February 8, 2021 - 15:44 -- Pierre Lutgen

An increased number of scientific papers confirm that diabetes causes an increased risk in the mortality and severity of COVID-19. However, the mechanism is not entirely clear. Understanding the relationship between COVID-19 and diabetes could advance therapeutic measures, but there is a scarcity of data on the matter.

Gina Dube, an advanced practice clinical pharmacist at Brigham and Women’s Hospital in Boston, Massachusetts suggests that impaired immune systems make individuals with diabetes more susceptible to severe infections.

In our weblog on « Malaria inhibits Covid » June 10, 2020 we suggested that immunoglobilin E might protect against Covid-19. In a more recent weblog « Eosinopenia, viral infections and Covid ». on Jan 14 2021 we propose that eosinophils might play a more important role.

A recent study, based on the retrospective analysis of the clinical record of 4252 hospitalized patients with a positive SARS-Cov-2 PCR test, found that a higher percentage of eosinophils was predictive of higher odds of survival.

Glickman, J.W., Pavel, A.B., Guttman‐Yassky, E. and Miller, R.L. (2021), The role of circulating eosinophils on COVID‐19 mortality varies by race/ethnicity.

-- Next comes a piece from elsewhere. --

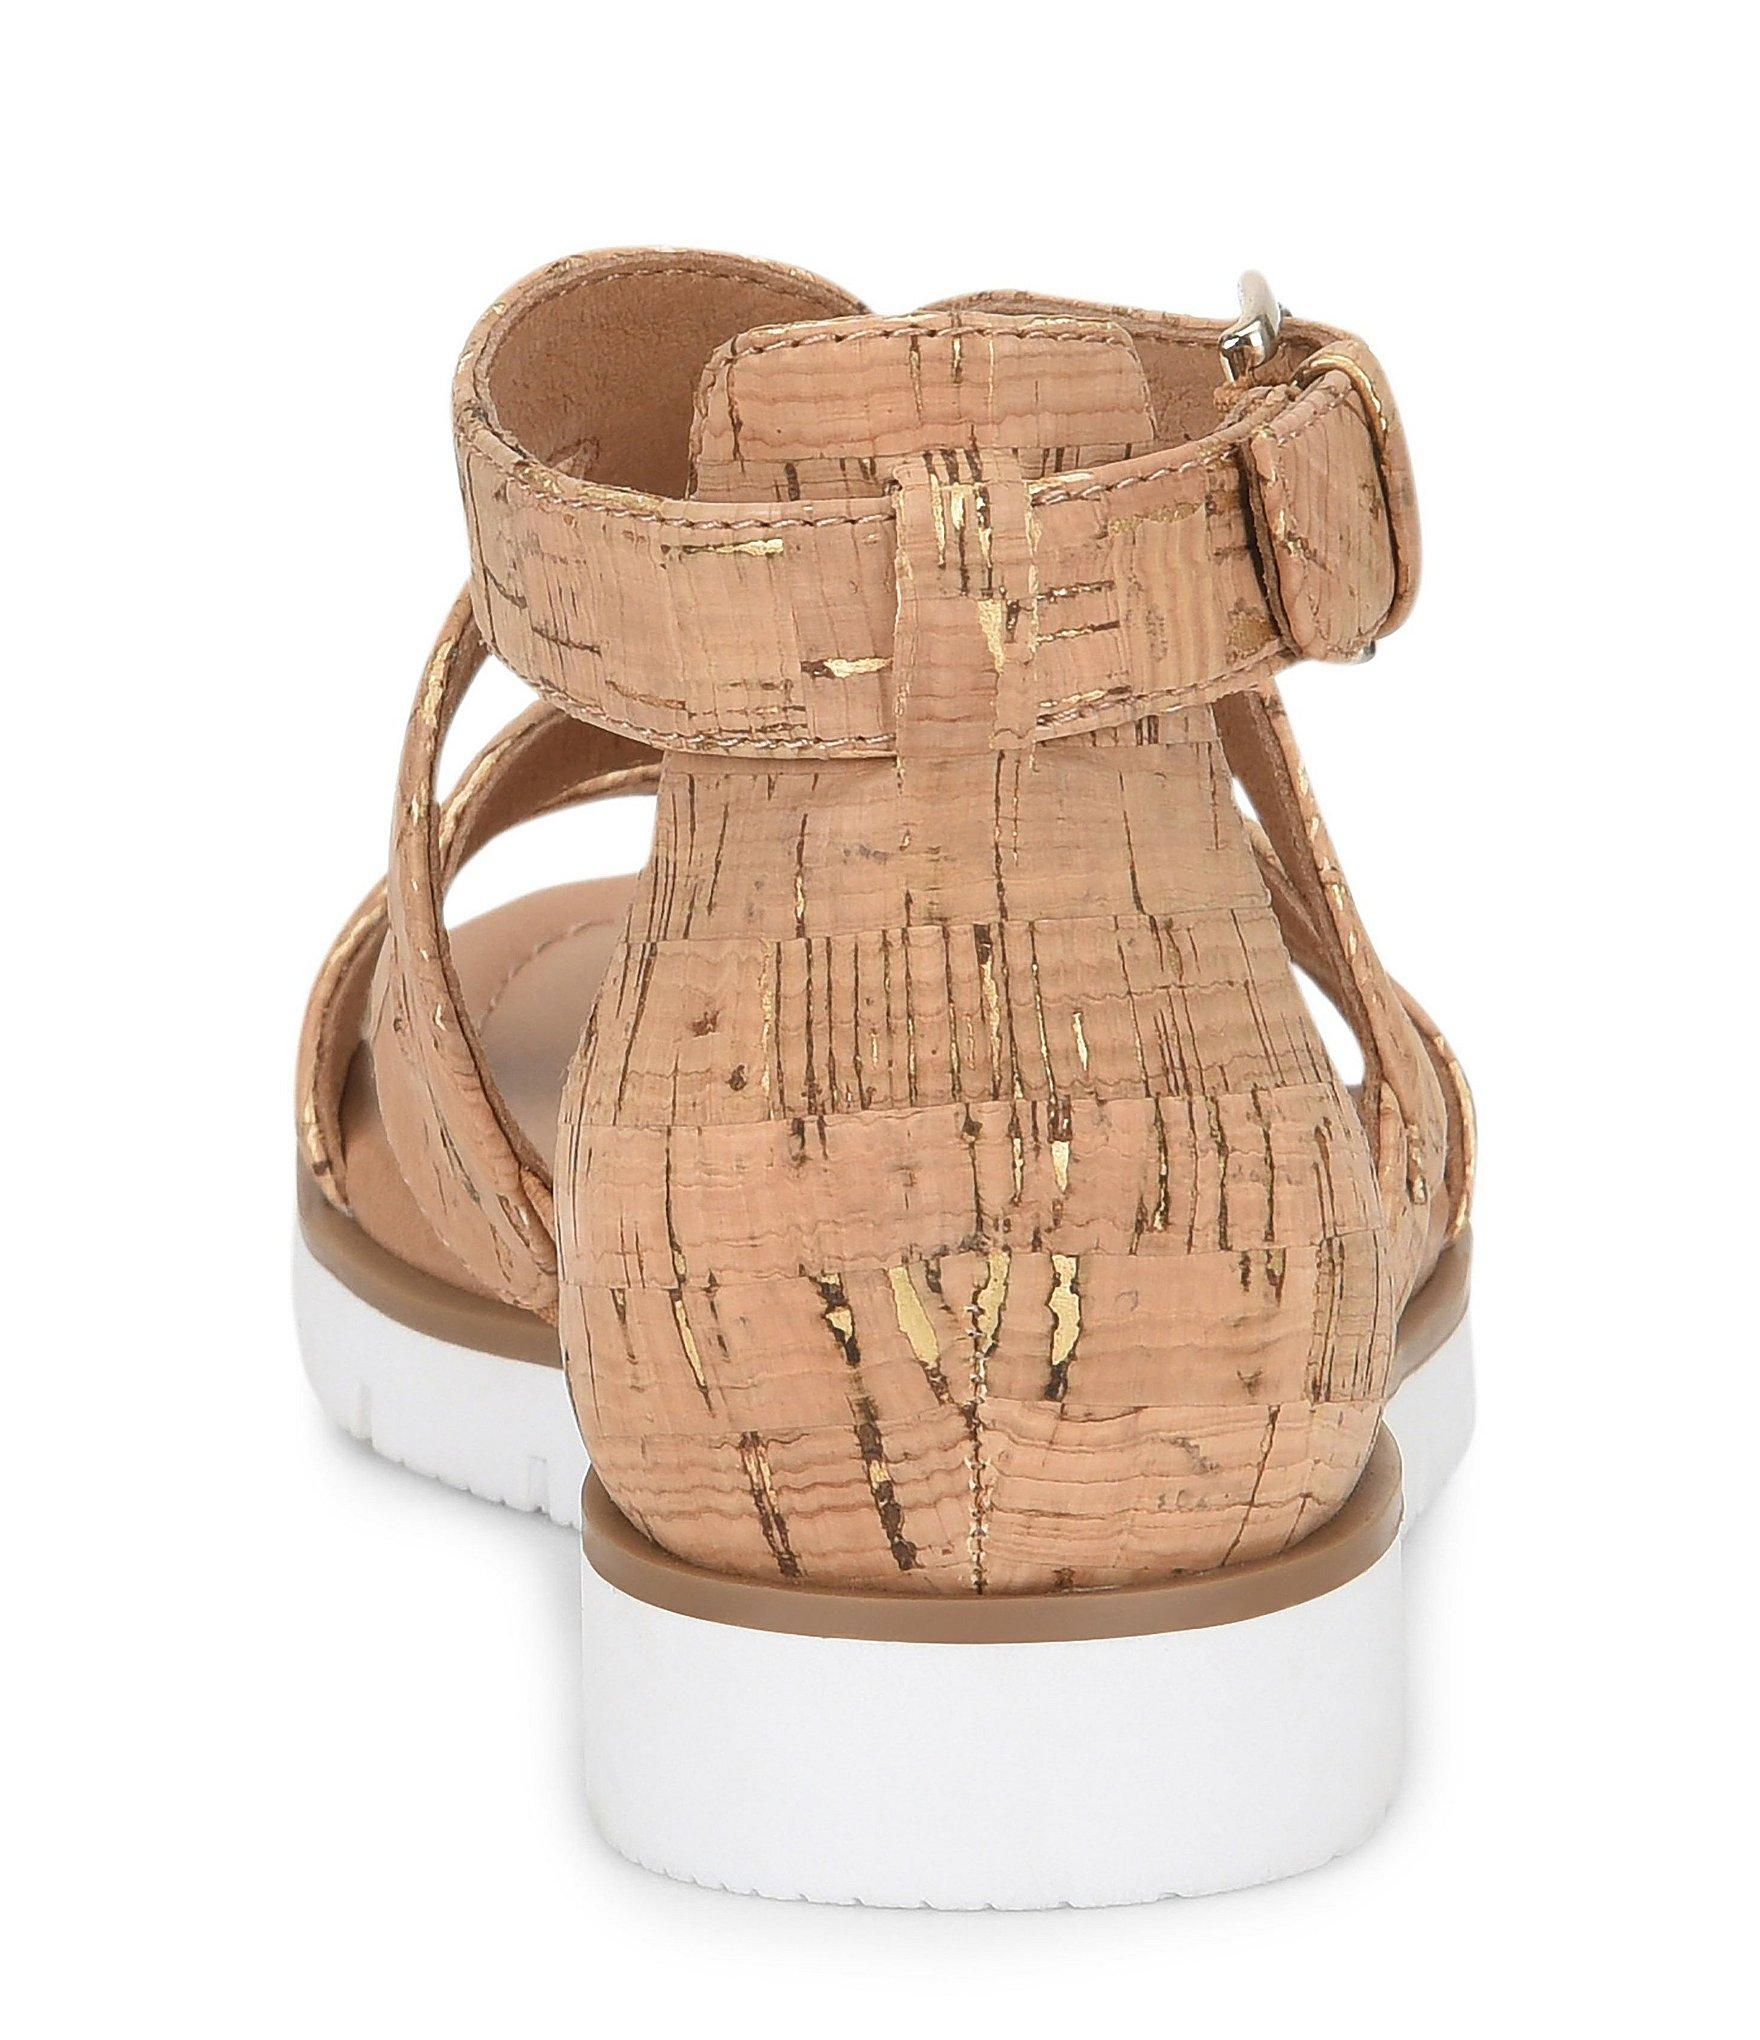 404e85f0326 Lyst - Söfft Malana Cork Sport Wedge Sandal in Brown

Allergy.

A recent study from India confirms that diabetes and eosinopenia are associated with severity of the Covid disease. Eosinophils are 4 times lower in severe cases.

Anurag A, Jha PK, Kumar A. Differential white blood cell count in the COVID-19: A cross-sectional study of 148 patients. Diabetes Metab Syndr. 2020;14(6):2099-2102. doi:10.1016/j.dsx.2020.10.029
Guo W, Li M, Dong Y, Zhou H, Zhang Z, Tian C, Qin R, Wang H, Shen Y, Du K, Zhao L, Fan H, Luo S, Hu D. Diabetes is a risk factor for the progression and prognosis of COVID-19. Diabetes Metab Res Rev. 2020 Mar 31: e3319. doi: 10.1002/dmrr.3319.

Eosinophils, a specific type of immune cell, may present as a new target for the treatment of Type 2 diabetes mellitus and obesity-related hypertension. A collaborative study conducted by researchers at Lund University, Sweden; University of Manchester; and University of Salford, Manchester, UK discovered that the number of eosinophils was greatly reduced in specific tissue layers of obese mice.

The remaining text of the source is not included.